Поуспокоившийся Швец, не отводя взгляда от бессознательного хозяина дома, сердито скрестил руки на груди, пару раз качнулся с пятки на носок.
– В семидесятых годах прошлого века квартиру нельзя было купить или продать. Её выдавало государство и собственниками, в привычном тебе понимании, жильцы не являлись. Схема владения напоминала нечто вроде пожизненной аренды с широкими правами пользования. И вариантов сменить имеющиеся хоромы на другие, поудобнее, имелось очень немного. Основные – или получить новую жилплощадь в связи с увеличением членов семьи, отстояв длинную, иногда в десятилетия, очередь; или обменять по согласию сторон. Если район получше или комнат побольше – с негласной доплатой. У меня тётка когда-то менялась – Томск на Ставрополь. Здоровье заставило… Еле-еле смогла тему провернуть. По всей родне бегала, занимала. Три с половиной тысячи по итогу вывалила бонусом, и счастлива была. Так там однушка на однушку! А этот умник махнул бабкину хрущовку с окраины на сталинку в далеко не самом плохом районе. Я город хоть и не знаю, но по карте посмотрел – недалеко от центра. Думаешь, бесплатно? Звёзды удачно сошлись?.. Ты данную тонкость мимо ушей пропустил, я же заметил…
Соображал Иванов быстро.
– На пропавшие денежки намекаешь? Те, которые якобы брат цапнул?

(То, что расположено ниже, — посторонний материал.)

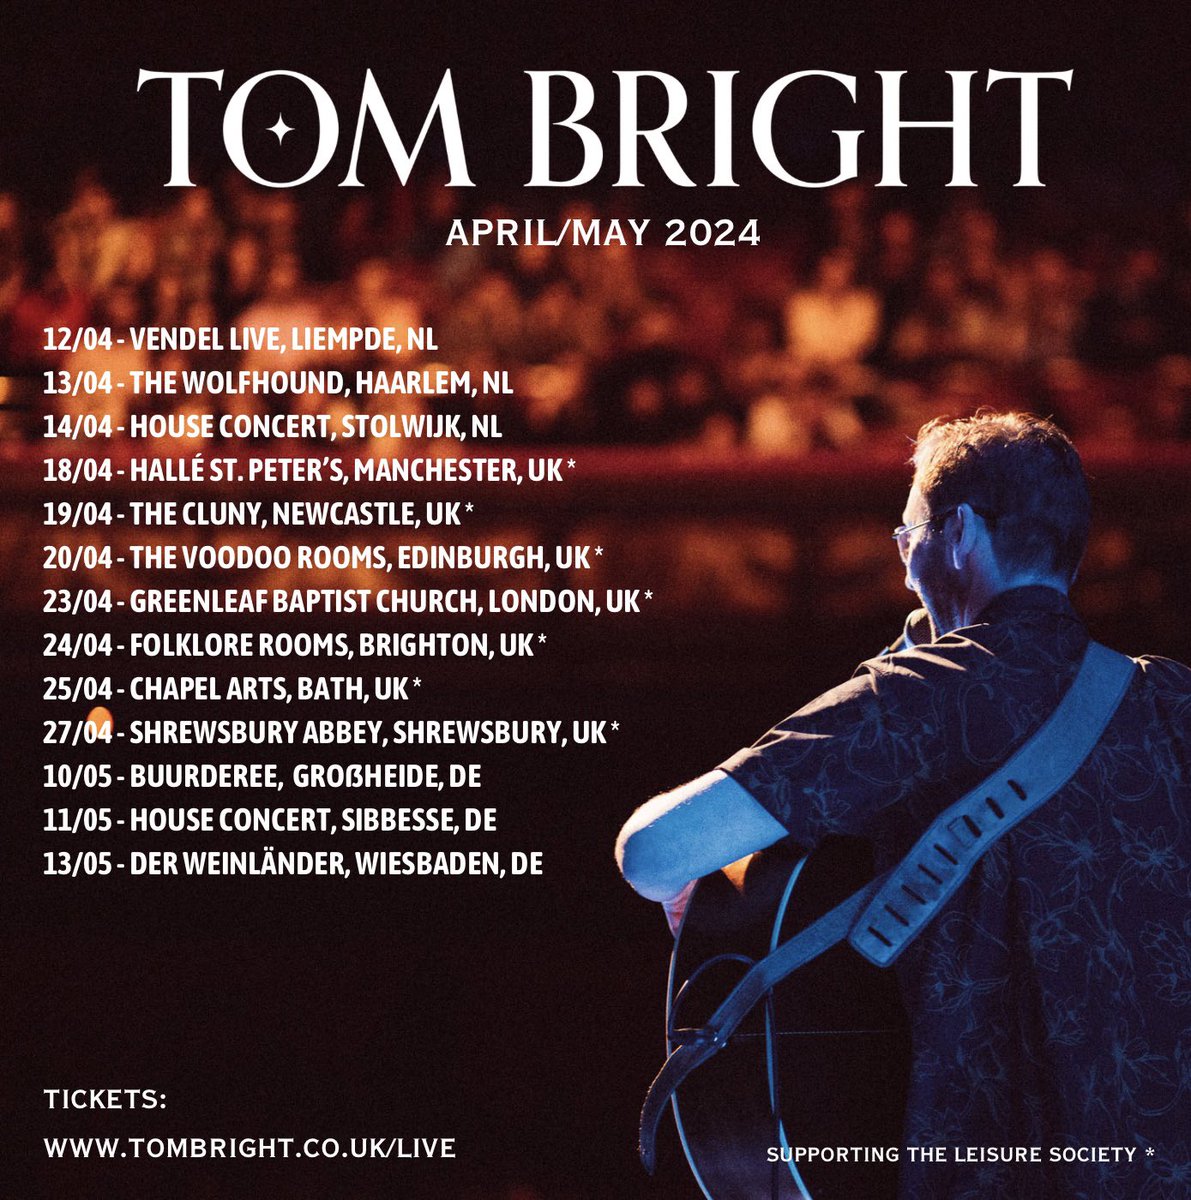 Kicking off a very busy springtime ☀️ so excited to be back in The Netherlands later this week, then onto UK tour with @LeisureSociety (*) next week and straight into some Germany show afterwards. All ticket links 👉🏼 linktr.ee/tombrightmusic 🎫🌼🇳🇱🇬🇧🇩🇪

– На них. Зарплата токаря без разряда, после армии – сто двадцать рэ. Сам, дембельнувшись, полгода отработал в слесарке на заводе, знаю… С прогрессивкой – до ста сорока могла дойти. Старуха тоже не миллионерша была, раз сторожевала при фабрике. Рублей девяносто имела, если мне память не изменяет… Плюс мизерная пенсия. За какие шиши обмены устраивать?
– Спроси чего полегче, – промямлил Иванов. – Я и в деньгах советских теряюсь… Сто двадцать – это много или мало?
– Впритирку. Особо не разжиреешь, – напарник шмыгнул носом, посмотрел на двери. – Начинаем допрашивать. Скоро тётка в себя придёт…
Обойдя кресло сбоку, он приложил так и не погашенную Печать к голове Рваных. Поначалу ничего не происходило – мужчина по-прежнему оставался безвольной человекоподобной куклой с едва бьющимся в груди сердцем.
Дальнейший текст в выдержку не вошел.